PowerShell: Backing up a FortiGate via its API in PowerShell.
Before you continue please consider clicking on one of the horrible ads. I know they are a pain but they help me pay for the hosting of this site. It owes me a lot of money. Sob story over.
I took this on expecting it to be pretty horrible but in the end it turn out to be surprisingly easy to do.
The first thing you need to do is create a API user and for backups it will need some write permissions. I don't know which specific permission it needs to I just gave it all of them. You probably shouldn't do this.
The first thing we will do is create an new admin profile specifically for this new API users.
Log in as an admin and Under "System->Admin profiles:"
Create a new profile with read/write permissions to everything. You could just create the API user as a "SuperAdmin" at some point I plan to work out the exact permissions I need to make this work and change this group. Having it in its own group at this point will make that easier.

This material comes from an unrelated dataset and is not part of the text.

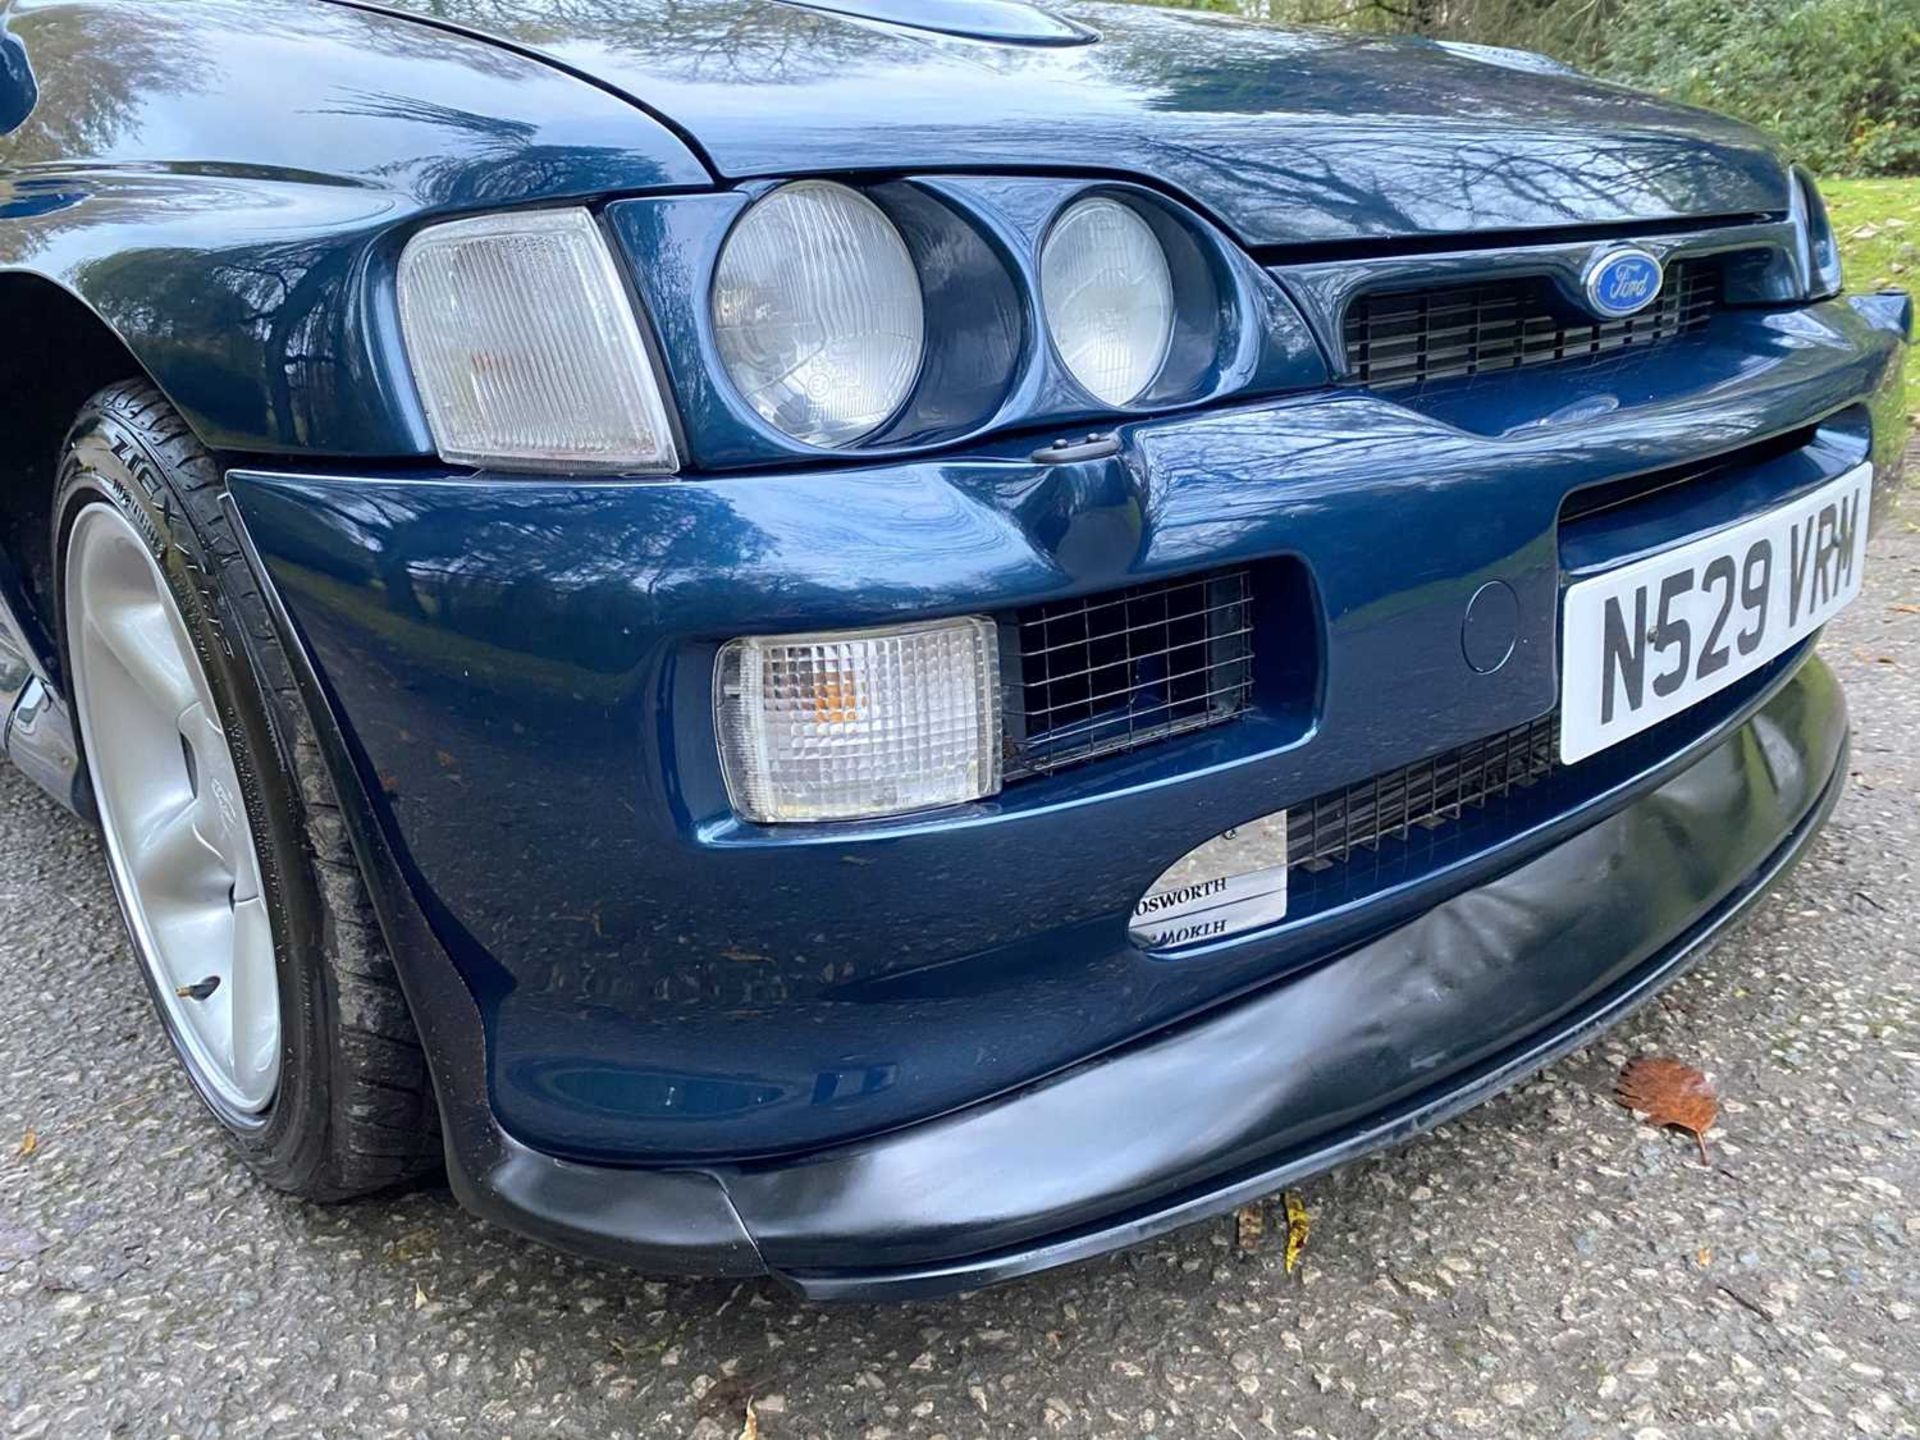 1995 Ford Escort RS Cosworth LUX Only 56,000 miles, finished in rare Petrol Blue - Image 89 of 98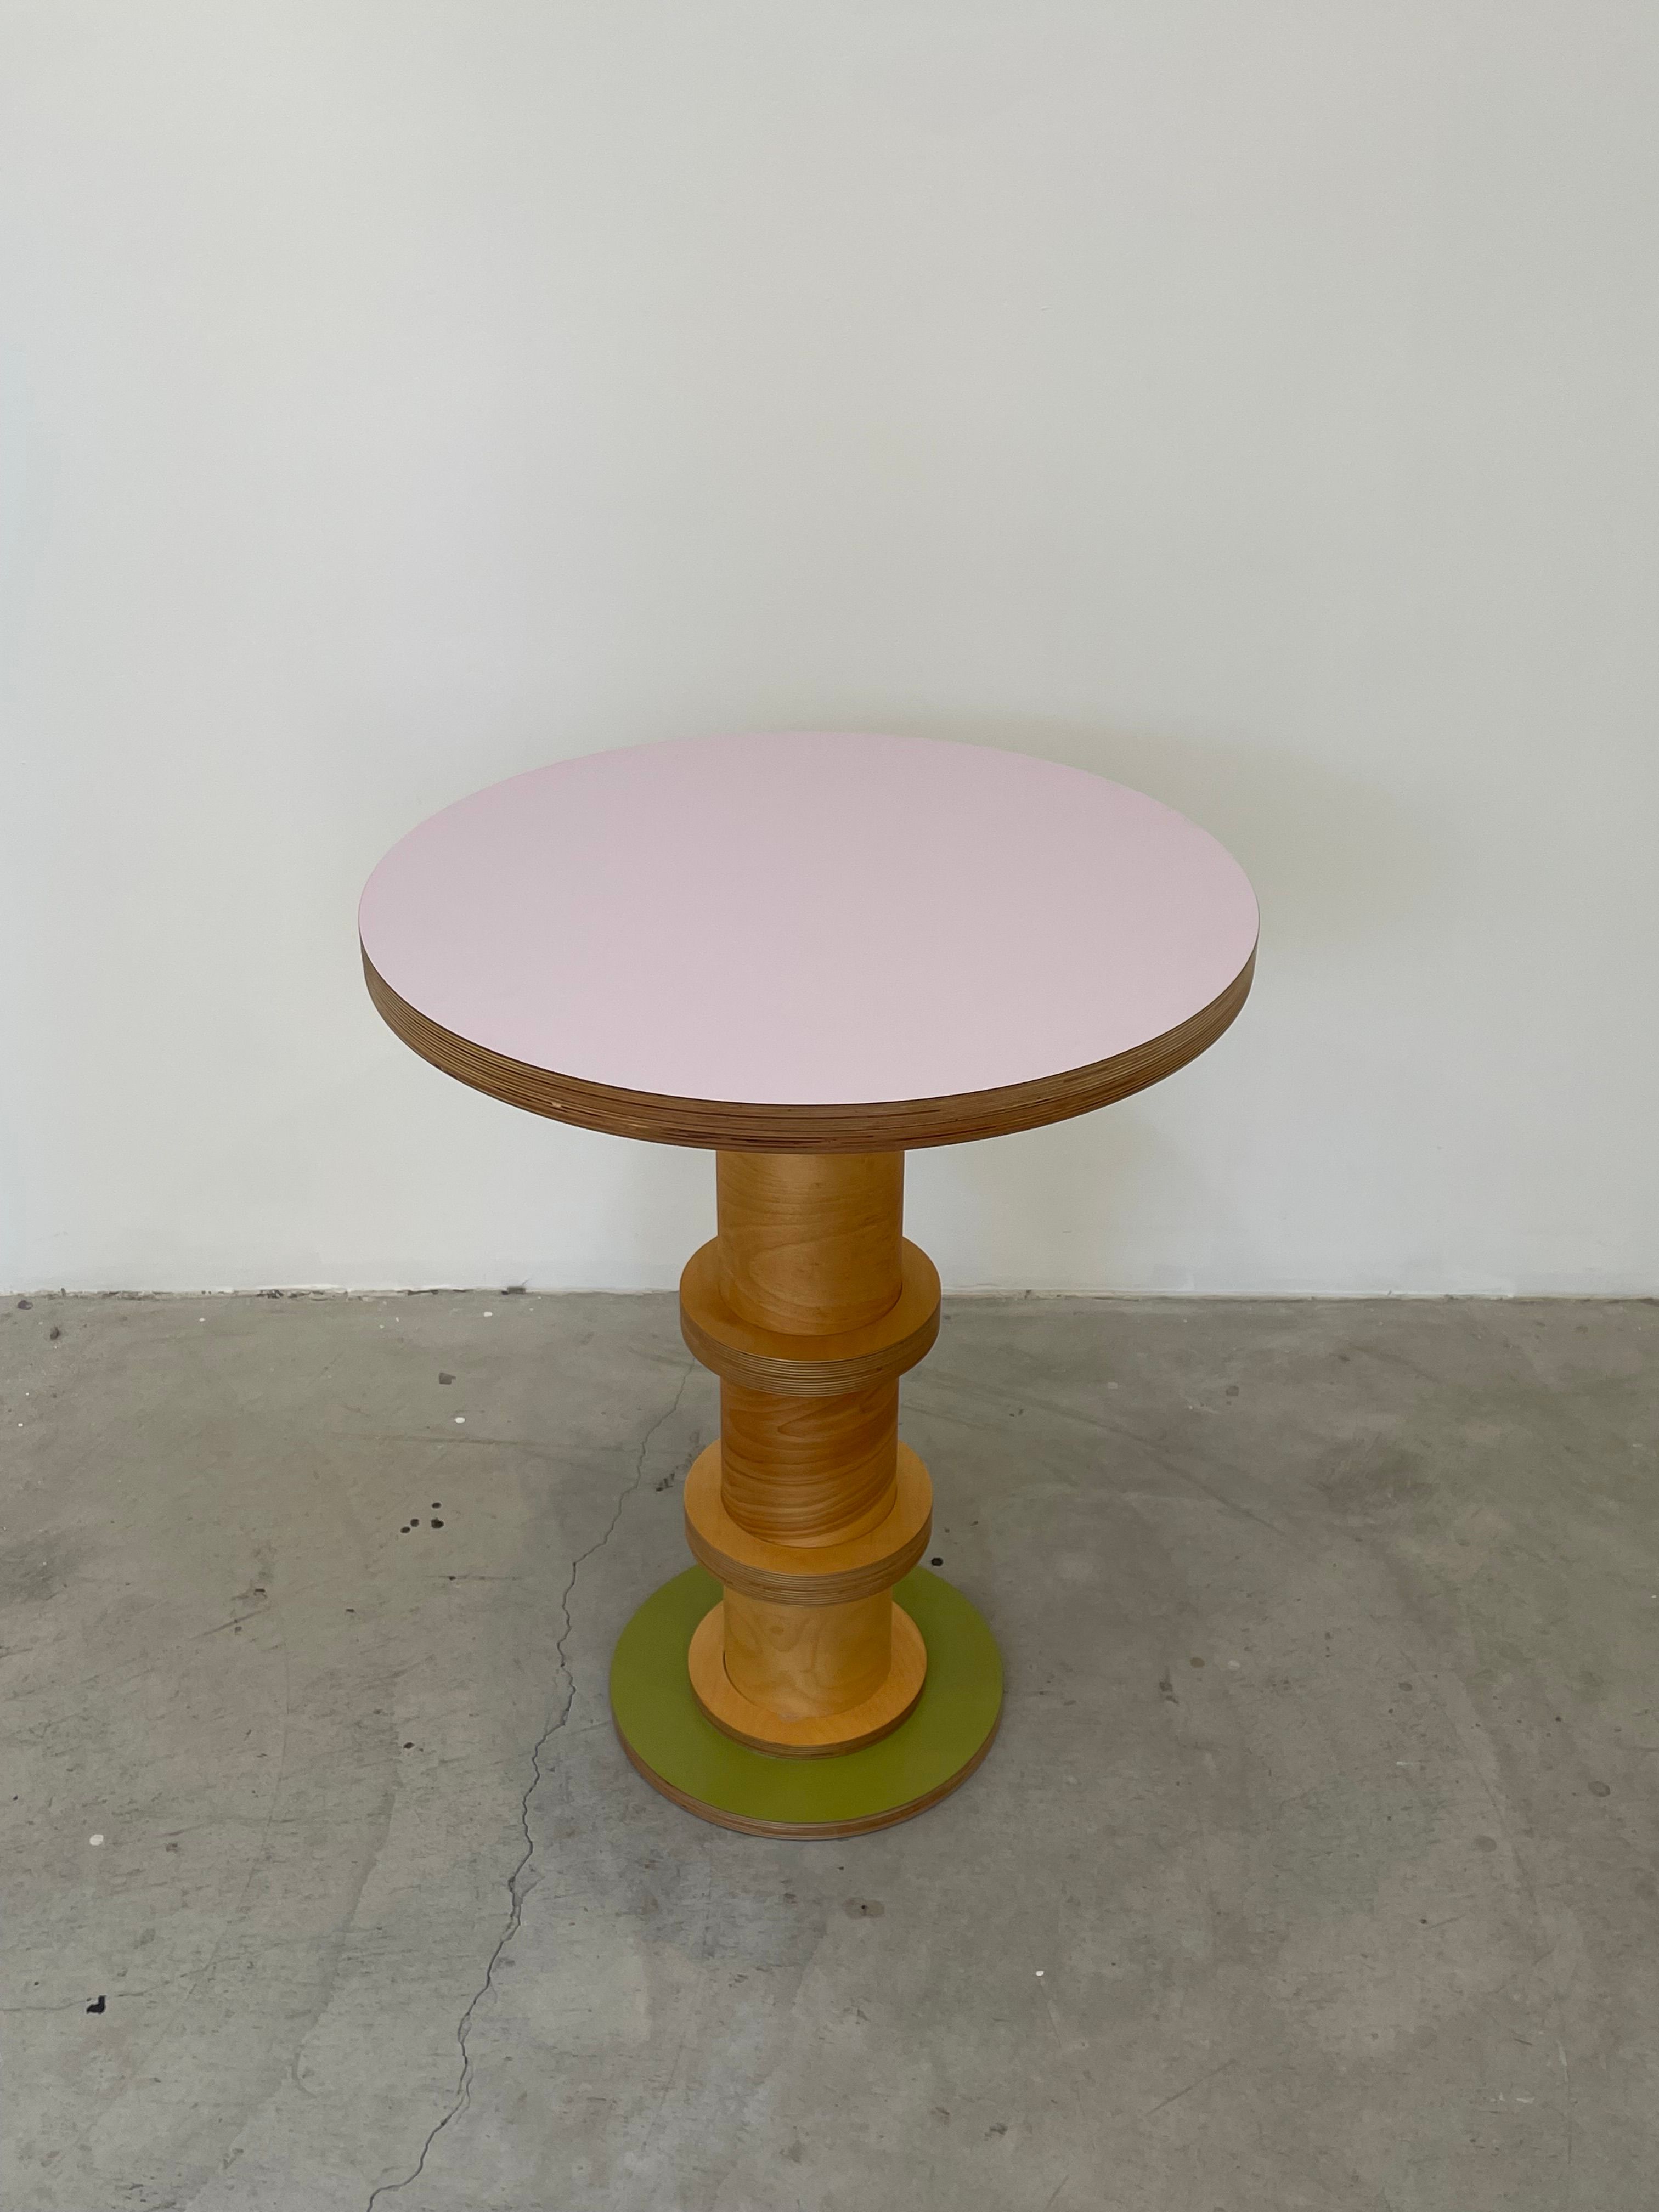  Round Column Table - Braindead Fabrications Gallery Show product image 6

Now we need to make the API user. Under System->Administrators:
and create an API user and assign it to the profile we just created:
When we click OK you will be given the users API Token
Make a note of this, you will need it for the script.
Now that's all sorted we can get onto the PowerShell:
$ApiToken = "APITokenHere"
$BackupPath = "PathHere"
$EndPoint = "https://[fortigateIP]/api/v2/monitor/system/config/backup/?scope=global&access_token=$ApiTocken"
$header = @{ "Authorization" = "Bearer $ApiToken" }
$backup = Invoke-RestMethod -Method GET -Uri $EndPoint -Headers $Header
New-Item $BackupPath
Set-Content $BackupPath $backup
And we are done. Easy.
In the research for this I found that some clever dick has actually written a whole PS module on managing fertigates which I decided was massive over kill for what I needed, however its fine work and worth sharing.